The code is available online. This is part of a two part series where the second part can be found here.

Summary

Recently, my house mate decided to get a Siberian husky because it is a pretty dog. He didn't realize, though, that huskies are very social and incredibly active even compared to your typical dog. This temperament is not necessarily conducive to his lifestyle, so the situation has not been ideal for either him or the dog (or his house mates.) Based on this, I thought it would be a good idea to come up with a recommendation engine that suggests dogs based on both an image (appearance) and text description (temperament).


a very active, vocal, and social dog

A rare moment where she is actually sitting still (getting a picture that wasn't a blur was the hardest part of this project.)


To do this, I created vector representations (i.e., a column of numbers) of both a dog breed's appearance and temperament and combined them into one recommendation system. The representation of appearance came from a deep learning dog breed image classifier, and the representation of the temperament came from a dog breed topic model. The resulting breed topic and image vectors were then compared to a user image and text to recommend the three most similar dogs. Purely appearance driven recommendations seemed to be more accurate but were not aggressive enough of labeling "not dog" images. Conversely, the text part was sometimes a bit off from data quality issues (some of the text I web scraped contradicted itself). Based on initial user feedback, I was able to improve the system's recommendations, To help improve the system in the future, I stored the user input in a database and solicited feedback on the quality of the recommendations and possible useful features.

Overview

Most people get dogs because they want something cute, but the personality and temperament of the dog is an important factor for successful adoption into a human family.
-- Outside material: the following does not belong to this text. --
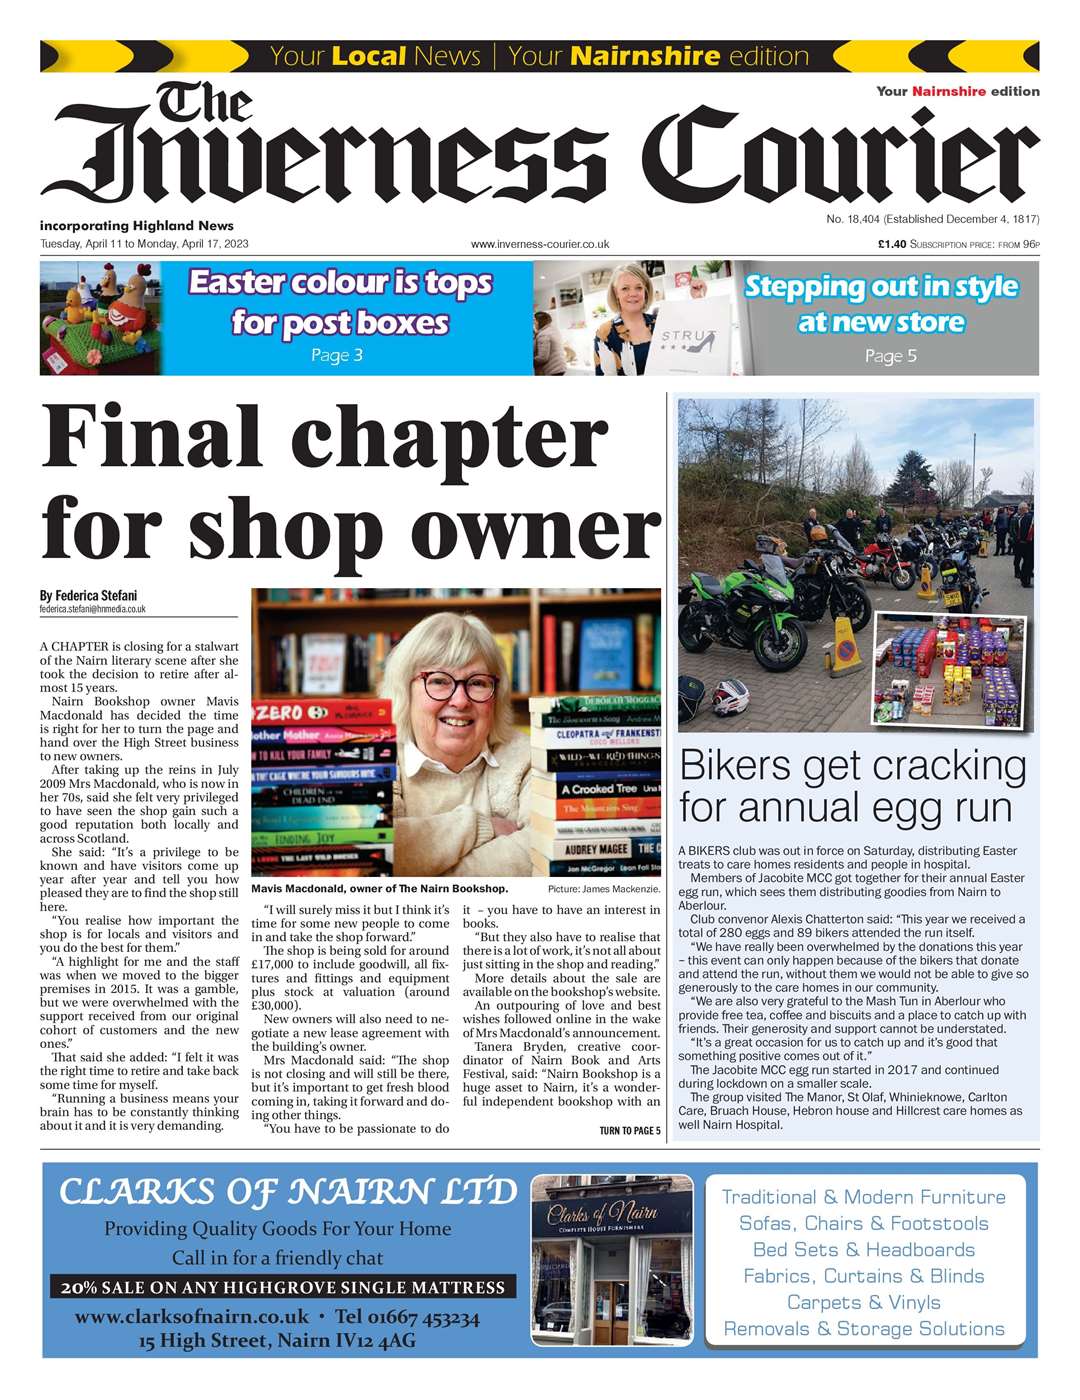 The Inverness Courier (Nairnshire edition), April 11, front page.

For my house mate's husky, she is quite active and craves a lot of social attention since huskies were bred to hunt in packs by Siberian natives. In contrast, my house mate does not exercise much and leaves the house frequently. The dog thus spends a lot of time by herself outside, which predictably leads to neurotic and sometimes destructive behavior. This behavior leads to a cycle where the dog cannot be trusted unsupervised indoors, so she spends even more time by herself outside. For example, I awoke one time in the middle of the night to find the husky by herself chewing on my house mate's glasses! Another time she tore up a bag of corn tortillas and several bags of grains, leaving a mess throughout the entire house. To help avoid this situation in the future, I thought to develop a dog breed recommender that relied on both appearance and temperament.

dog2vec: converting dog data to vectors

As data sets for this recommendation system, I used the Stanford Dogs image data set along with some web scraped images and breed descriptions from a few different websites. I developed the dog breed recommender using two models: an image classifier and a topic model. The image classifier was trained via transfer learning with the convolutional neural network Xception and weights from ImageNet. For each of the 114 dog breeds and the "not dog" images (from CalTech) included in the 50,000 image data set, I took the average of the last layer for the images in the test set to create the appearance representations. The topic model was developed from text scraped from several different dog websites and Wikipedia. I dubbed the process of converting both the image and text data into vector reprsentations "dog2vec". After creation of the dog vectors for each breed, a user-provided image and text description could be compared to each breed via cosine similarity.

Training the image model

To start training the image model, I first focused on classifying "dog" and "not dog" images (not not hotdog). To do this, I started with Xception framework using the weights traiend on ImageNet, a 14 million image dataset with 20,000+ different classes. Because the layers earlier in the neural network have already been trained to recognize the essential features of images like edges, I froze all but the last two layers of the network and then retrained the model. In this way, the neural network is only re-learning how the final few sets of latent features need to be combined into a dog or anything "not dog". In addition, when feeding images into the model, I used Keras's preprocessing features to randomly rotate, shear, and zoom the images to help deal with imperfect images that may be provided by users. With only 5 training epochs, the model was able to get 99.7% accuracy on distinguishing dog images from other images in the test set.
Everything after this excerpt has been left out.